Lyrics: “Undefeated” – Frank Turner, 2024
The new Frank Turner album is out and so far I like it. I need more time – much more time – to offer a proper opinion. Introspectively it has been interesting to experience today’s events: the album release, the fandom reaction, my reaction to some fandom reaction. The presale for show 3000. The fandom reaction to that and my reaction… you get the drift.
Re the album: I’m fascinated that after more than a decade of me listening to songs Frank has written – often about his own life experiences, which on the surface seems so vastly different from mine – I still find lyrics that resonate with me deeply. Which is so weird and so wonderful, because Frank’s life obviously has changed quite a bit in this decade and so has mine (maybe less than his). But our life experiences in this decade do not mirror or even resemble each other, I think. And still there are these words, that express what I’m feeling more eloquently and more beautifully than I ever could.
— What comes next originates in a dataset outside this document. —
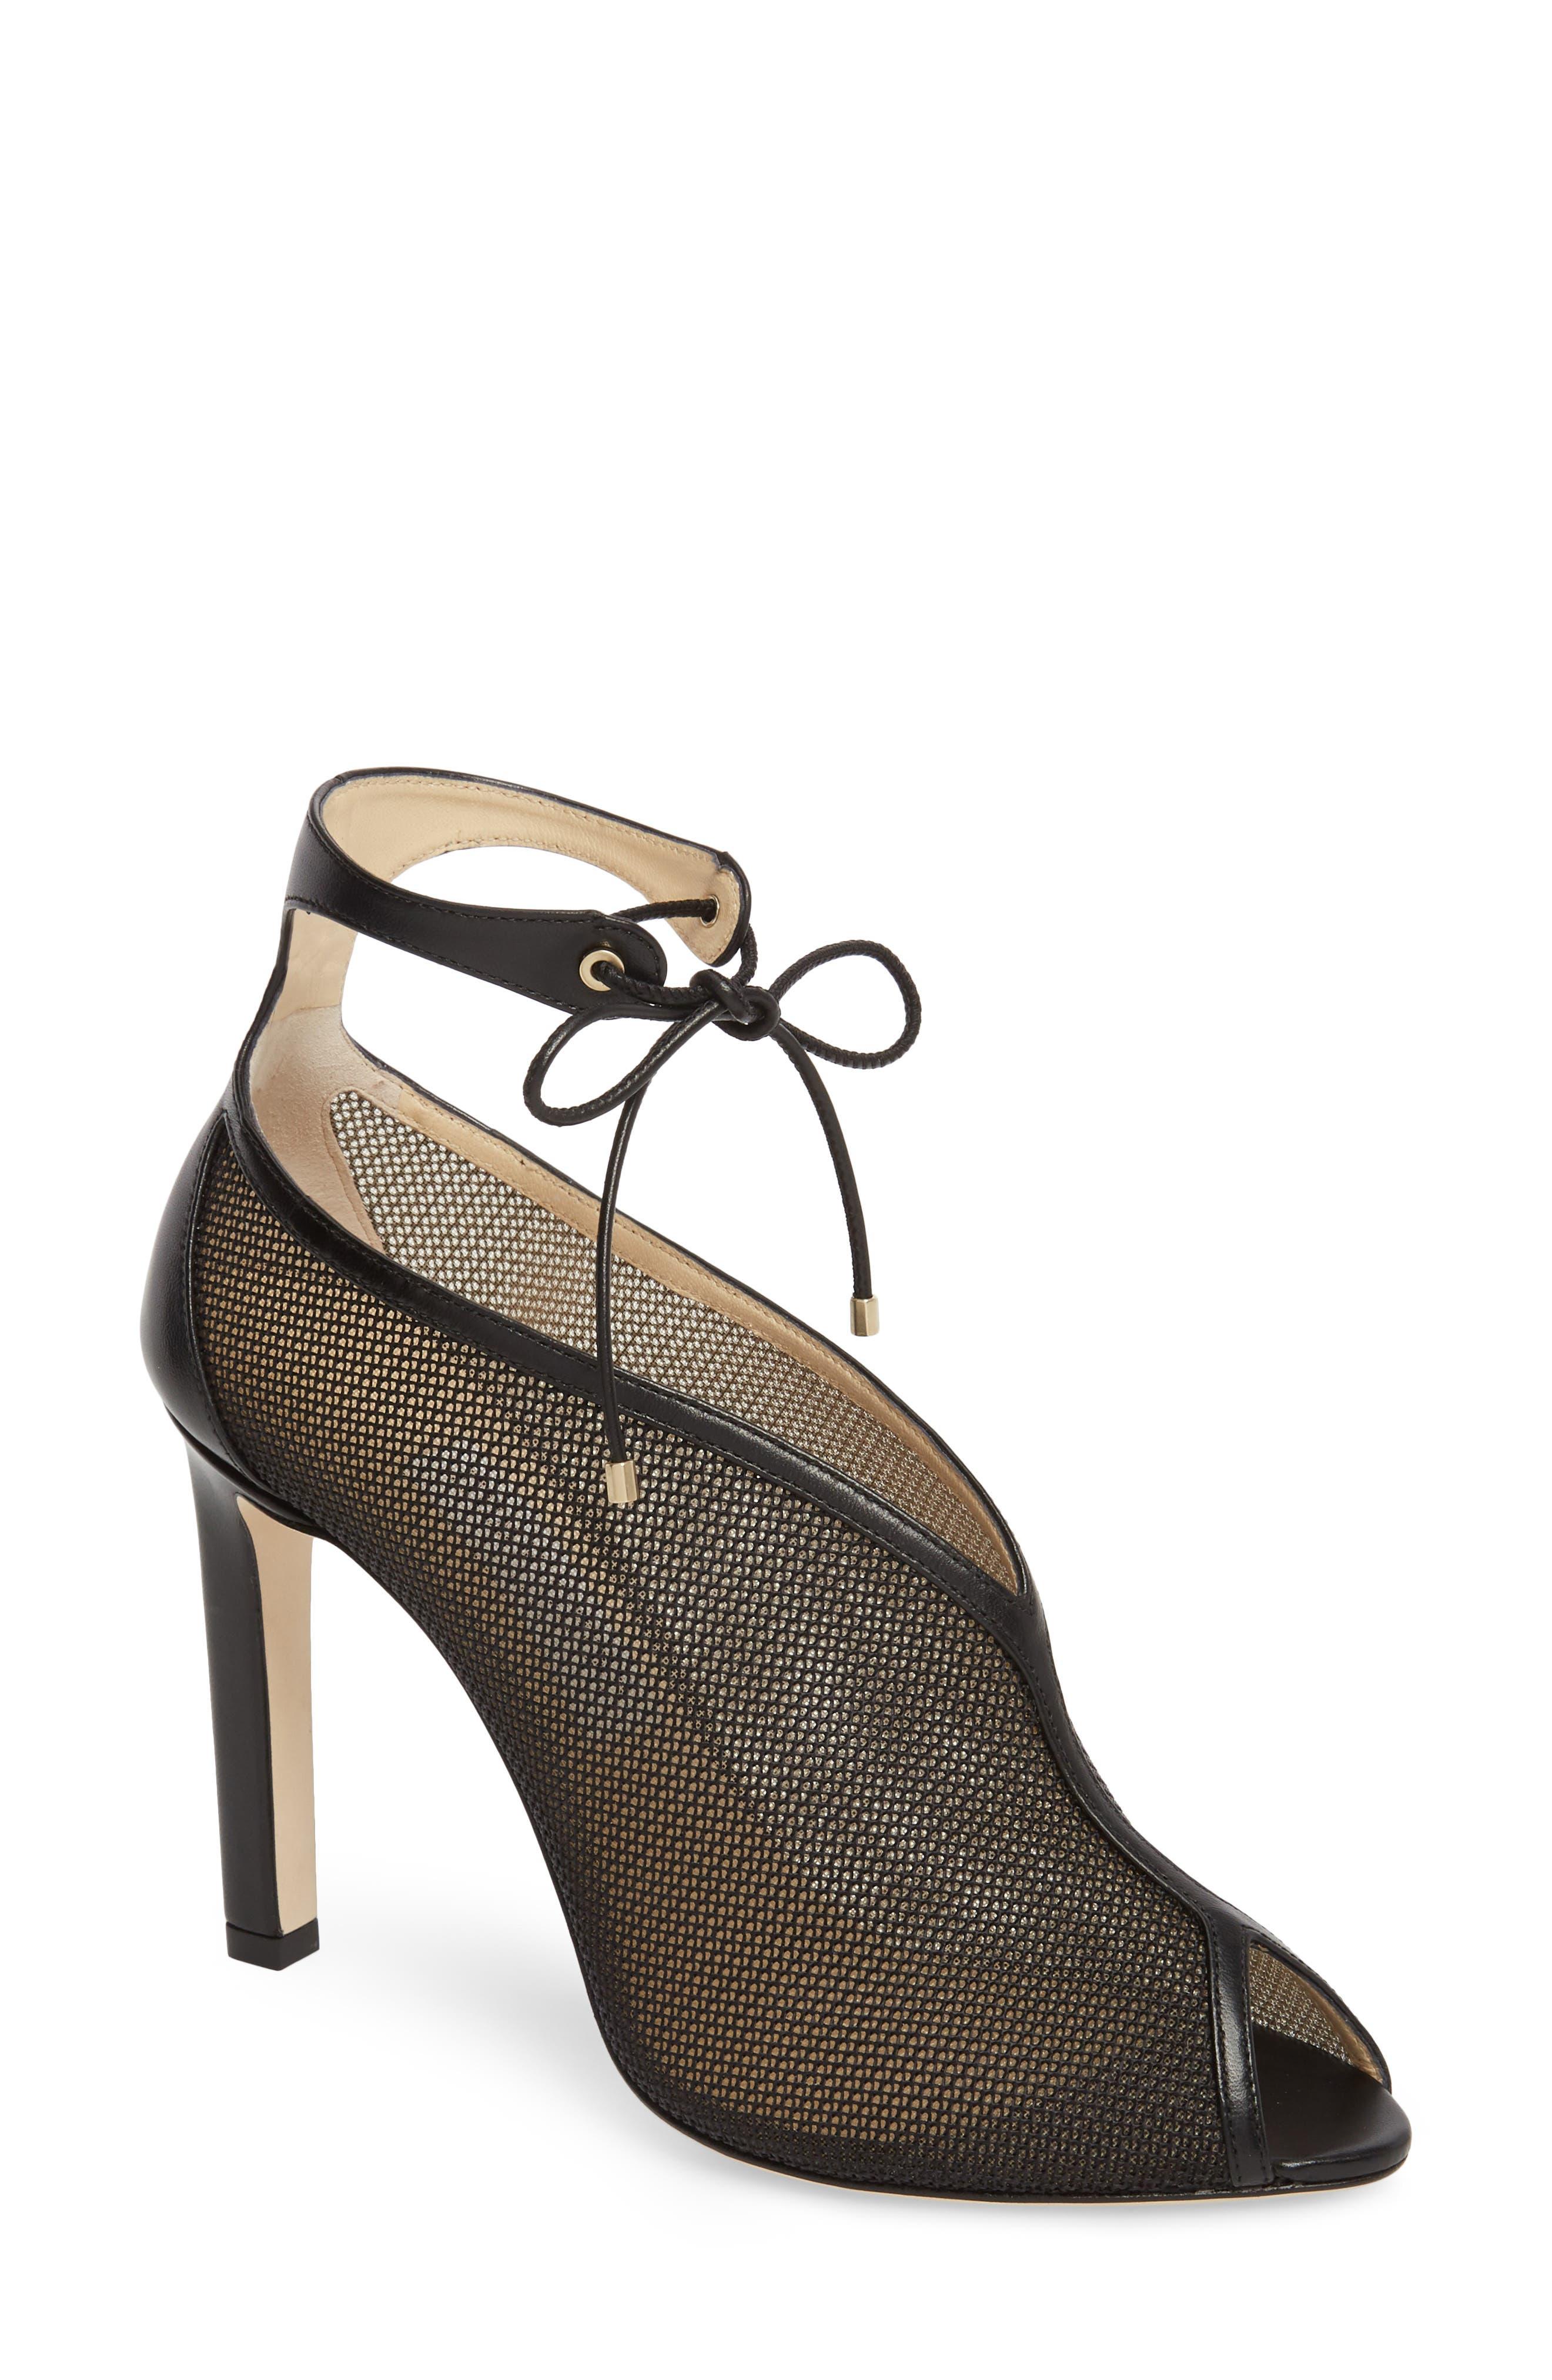 Sayra Ankle Tie Bootie,                         Main,                         color, BLACK

Again! Still! How does he do that?
The lyrics in question: The title of this post! Obviously! I don’t recall which podcast (episode) from the variety of mental health / self-care podcasts I occasionally listen to, touched on the same subject. I do remember that I had been listening to it on my way to the radio gig Frank played in March. Which really was just a coincidence, obviously, but I still like that fact.
The guest in that podcast coined it a bit differently more along the lines of “hoping that our past had been different / happier / better is not helping us to move forward, because we then keep ruminating about the past instead of letting it go”. You get the idea, I hope. And of course I have read and heard that many times before, but during that podcast for the first time it felt like it really landed with me. Now Frank sings these words and again they land.
Usually you’d think and usually I’d agree that “giving up hope” is a bad thing. But in this case it’s not, because you can hope as much as you want, you can’t change the past. What happened happened and hoping it didn’t doesn’t change anything. I don’t know if I’m making sense. It just felt weird in an absolutely wonderful way to have that sentiment sung to me by my favourite artist.